Dla Gerlinde, Maxuta i Wasilija K2 jest ostatnim szczytem, jaki został całej trójce do zdobycia Korony Himalajów. Gdyby Gerlinde stanęła w tym sezonie na wierzchołku Chogori, zostałaby pierwszą kobietą z kolekcją wszystkich 14 ośmiotysięczników bez użycia tlenu. Ralf skompletował Koronę Himalajów jako pierwszy Niemiec a od kilku lat wspiera Gerlinde w realizacji Jej marzenia. Tommy jest fotografem współpracującym z National Geographic a Darek został zaproszony na wyprawę z kamerą. Będzie dokumentował  zmagania zespołu z Górą Gór.

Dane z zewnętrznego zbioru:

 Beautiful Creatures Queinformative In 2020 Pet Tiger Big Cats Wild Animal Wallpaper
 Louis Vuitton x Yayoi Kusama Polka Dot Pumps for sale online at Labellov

Dodatkowo Darek zna drogę, wybraną przez zespół, z zimowej wyprawy na K2 z 2003r, kiedy to dotarł do obozu III na wys. 7200 m. n.p.m. Tym razem ma nadzieję nagrać kilka bezcennych ujęć z samego wierzchołka Chogori.

alt
Darek Załuski - Fot. Martyna Wojciechowska

Darek Załuski - (ur. 1959) – polski taternik, alpinista i himalaista, ukończył Politechnikę Warszawską, jest filmowcem.

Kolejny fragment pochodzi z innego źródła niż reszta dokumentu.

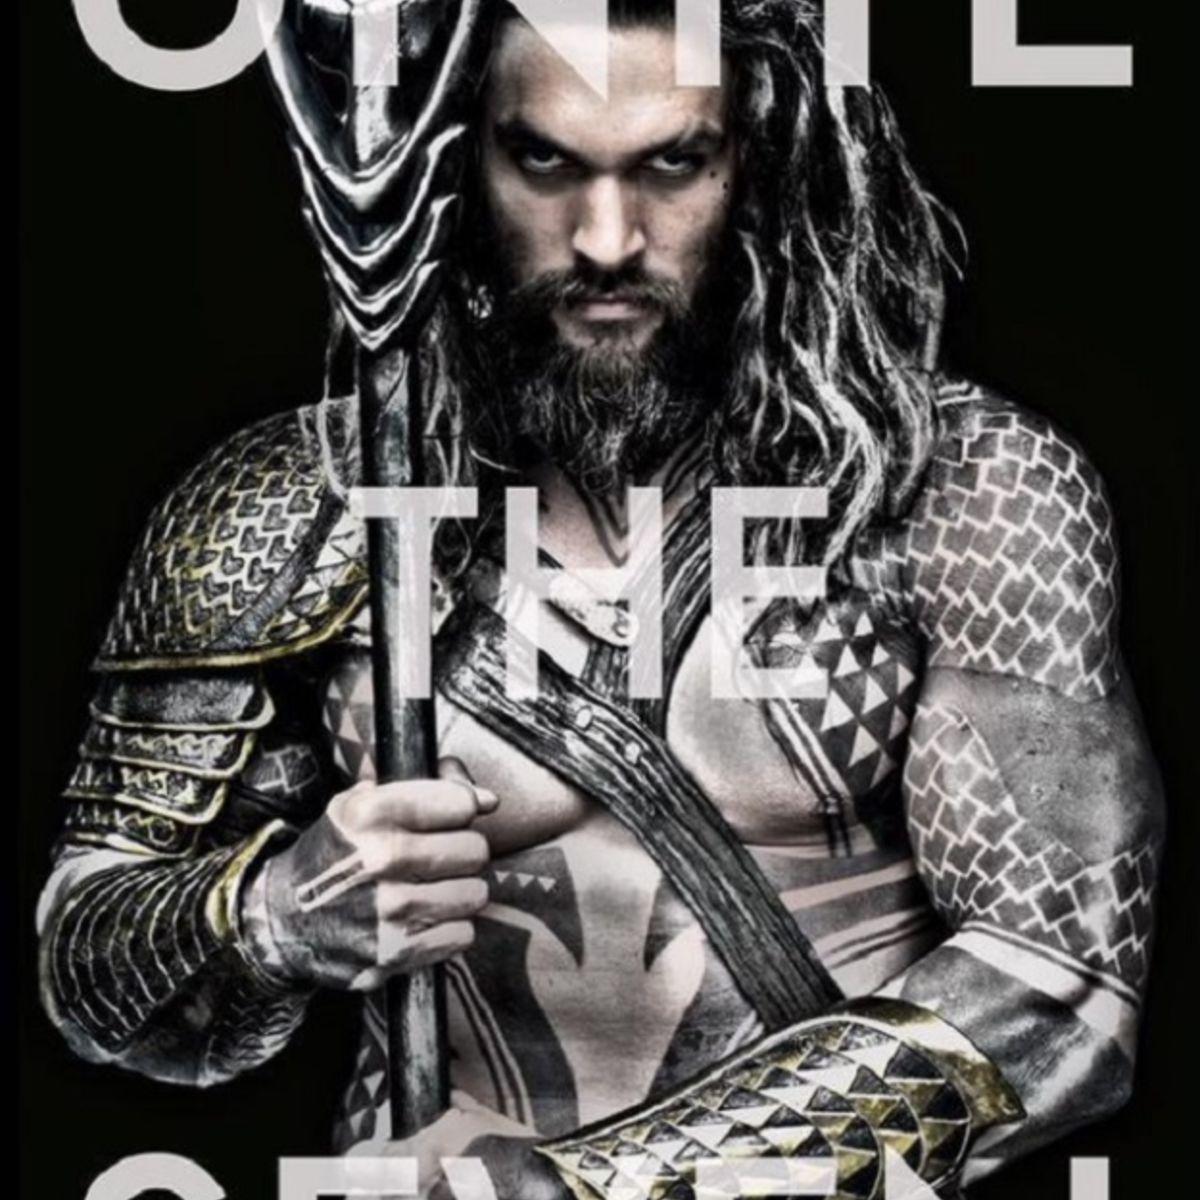 Jason-Momoa-Aquaman-costume.jpg

W karierze zdobył min.: Hagshu (6300 m) w Himalajach Zanskaru (pierwsze wejście), Aconcagua, McKinley, Kilimandżaro, Gaszerbrum II (1997), Czo Oju (2000), Lhotse (2001), Mount Everest (2006). Był uczestnikiem trzech zimowych polskich wyprawach: na Nanga Parbat (1997/98), Makalu (2000/2001) i K2 (2002/2003). Jego film o Annie Czerwińskiej Przypadki pani Ani zdobył wyróżnienia na festiwalach filmów górskich w Vancouver, Moskwie, Trento i Sliwen i został zakwalifikowany do "Banff World Tour". Filmy Obrazki z wyprawy i Ciao Martina zdobyły nagrody na festiwalu w Sliwen. Załuski jest także autorem filmu Everest. Przesunąć horyzont.

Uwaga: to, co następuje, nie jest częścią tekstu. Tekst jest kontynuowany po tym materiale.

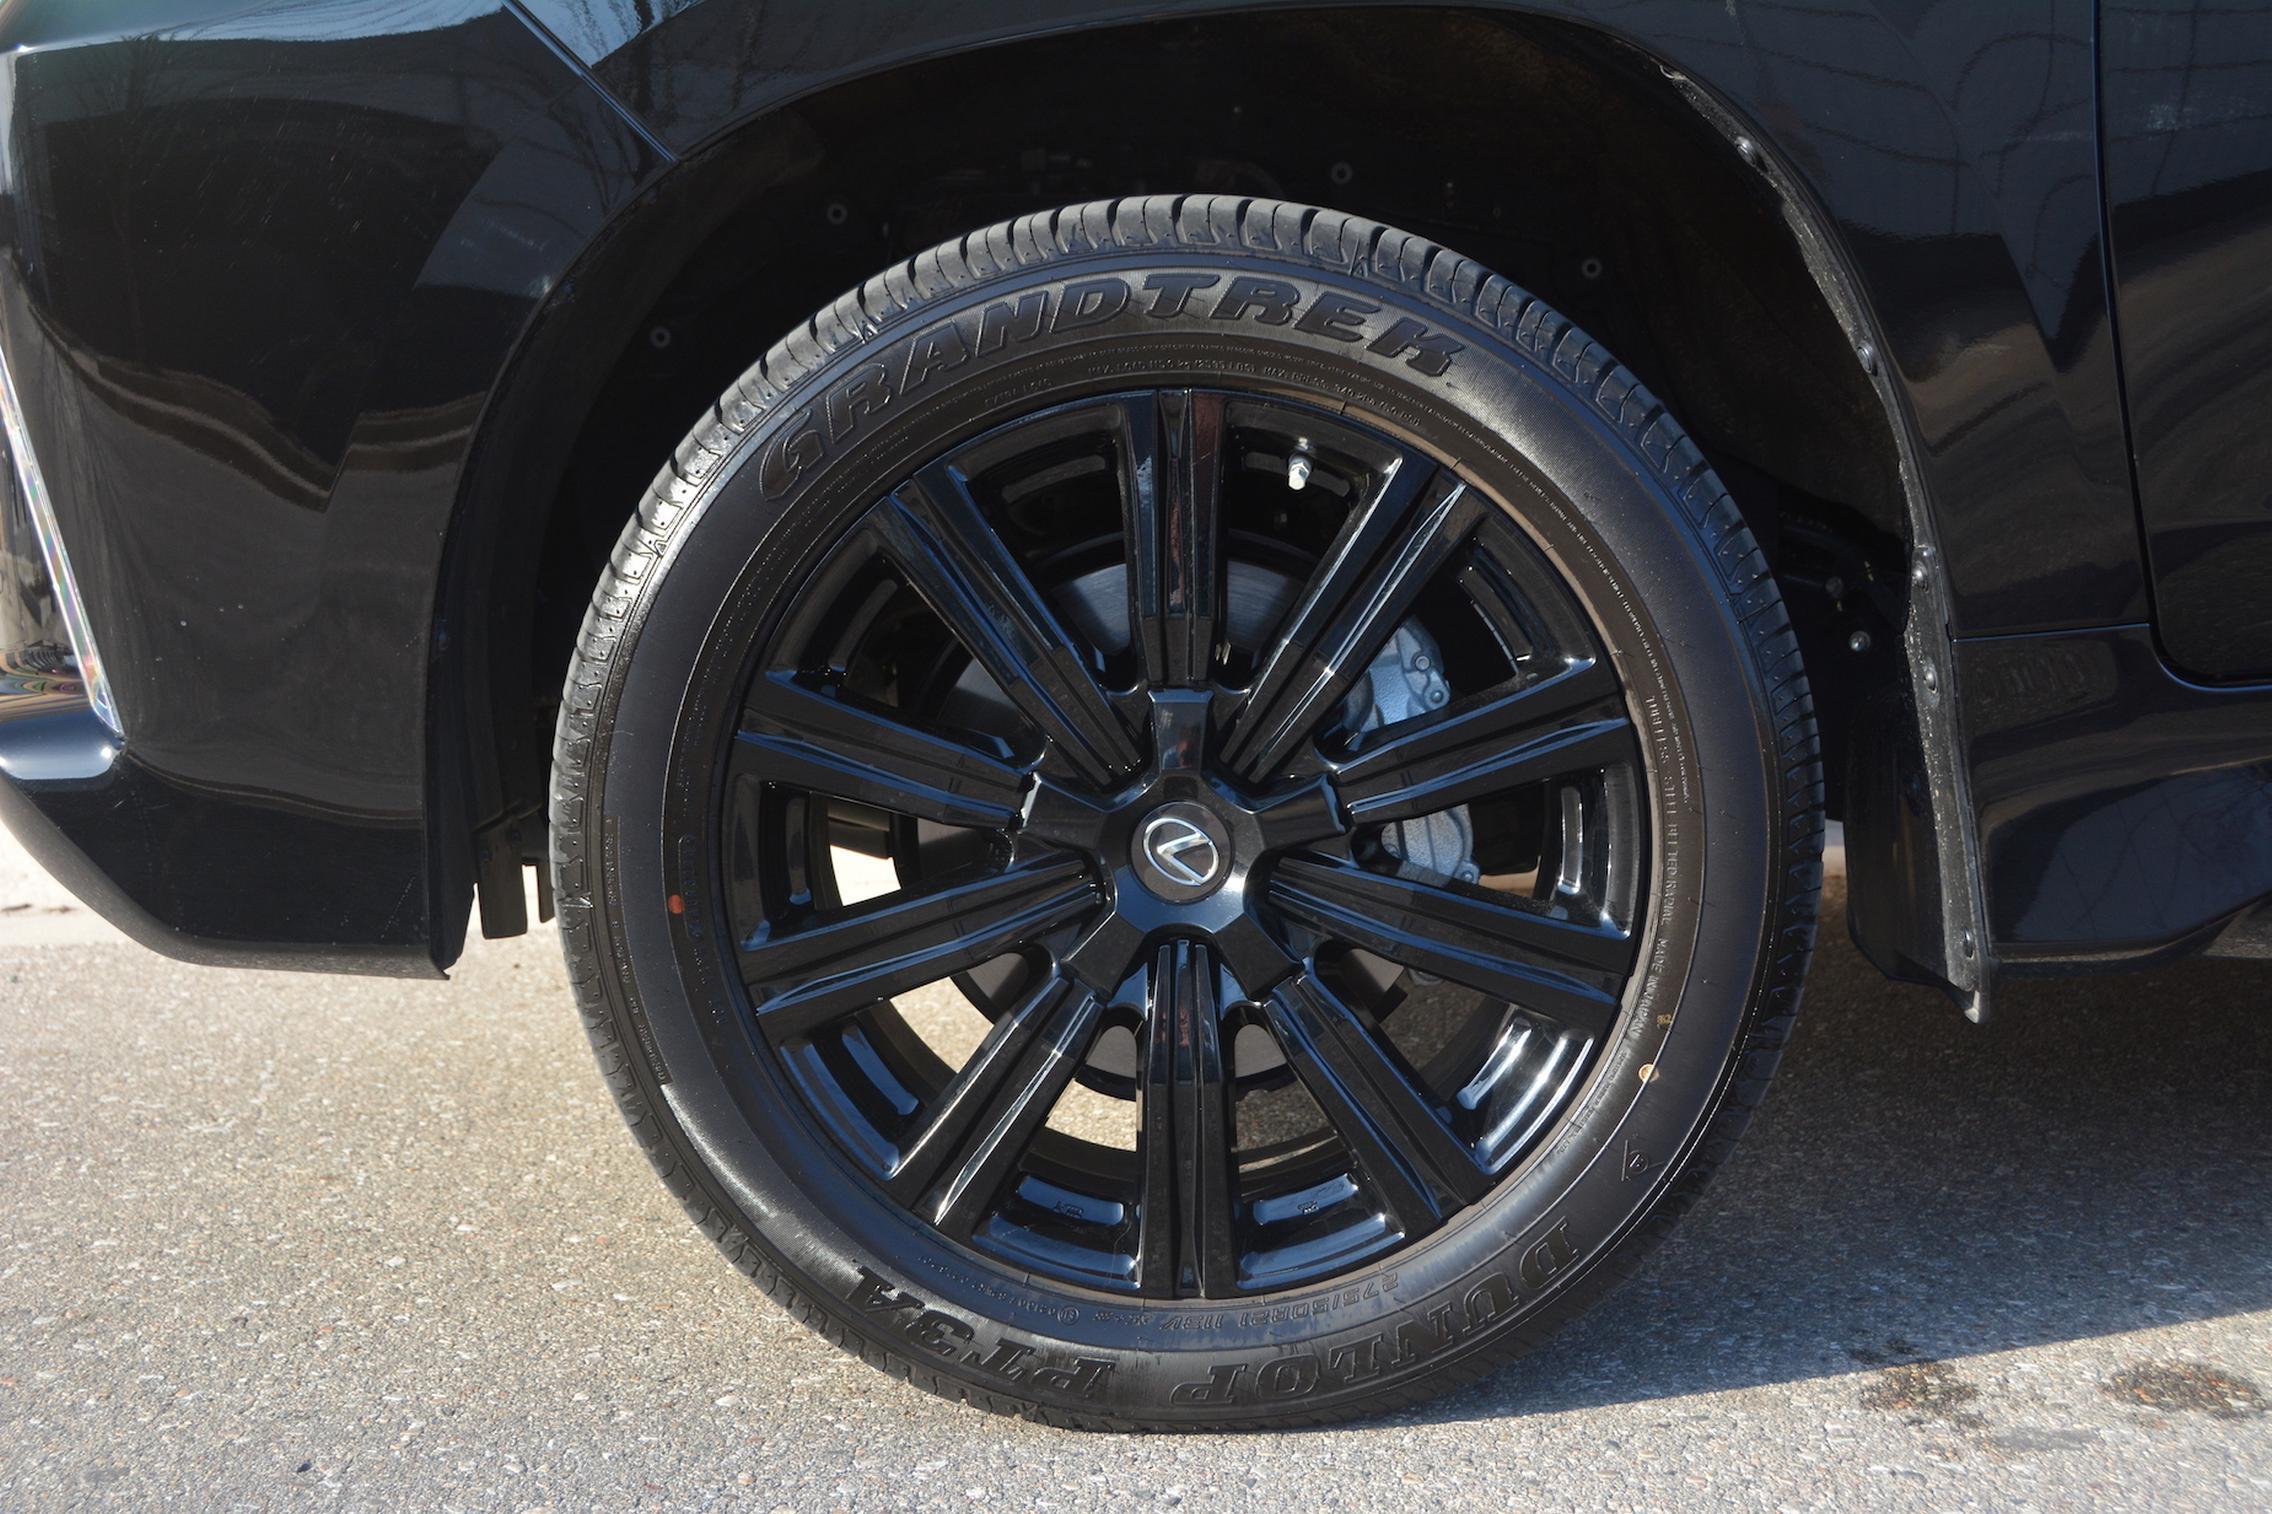 2021 Lexus LX570 wheels

Oto co mówi o swej miłości do gór i wyrpaw:

"...W góry ciagnęło mnie od zawsze. Najpierw były Bieszczady, po których wędrowałem z przyjaciółmi ze Studenckiego Klubu Przewodników Beskidzkich i gdzie zostałem przewodnikiem górskim. Potem Tatry, pierwsze wspinaczki i pierwsze wyjazdy w góry wyższe – Karakorum i Himalaje. W 1997r. wszedłem na swój pierwszy ośmiotysięcznik i poznałem Andrzeja Zawadę, organizatora polskich wypraw narodowych. Andrzej zaprosił mnie na swoją kolejną wyprawę zimową. Tam rozpocząłem przygodę z filmem górskim. Potem wielokrotnie byłem w górach wysokich zarówno zimą jak i latem. Wszedłem na kilka szczytów ośmiotysięcznych, w tym na Everest, brałem udział w wielu wyprawach zimowych, m.in. na K2, Makalu, Shisha Pangma, zrealizowałem wiele filmów dokumentalnych o tematyce górskiej. W Nepalu spędziłem w sumie ponad 4 lata... Podczas jednej w wypraw poznałem Nimę, właściciela nepalskiej agencji turystycznej. Nima opiekował się naszą ekspedycją w Nepalu. Okazał się tak dobrym organizatorem, że od tego czasu wszystkie wyprawy realizowałem już z Jego pomocą. Zaprzyjaźniliśmy się. Z tej przyjaźni oraz fascynacji górami i Nepalem zrodziła się Agencja Podróżnicza Go Everest.
Chcemy podzielić się naszą pasją i spróbować także Ciebie zarazić fascynacją rejonem Himalajów – światem majestatycznych gór oraz niezwykłej różnorodności kultur i religii."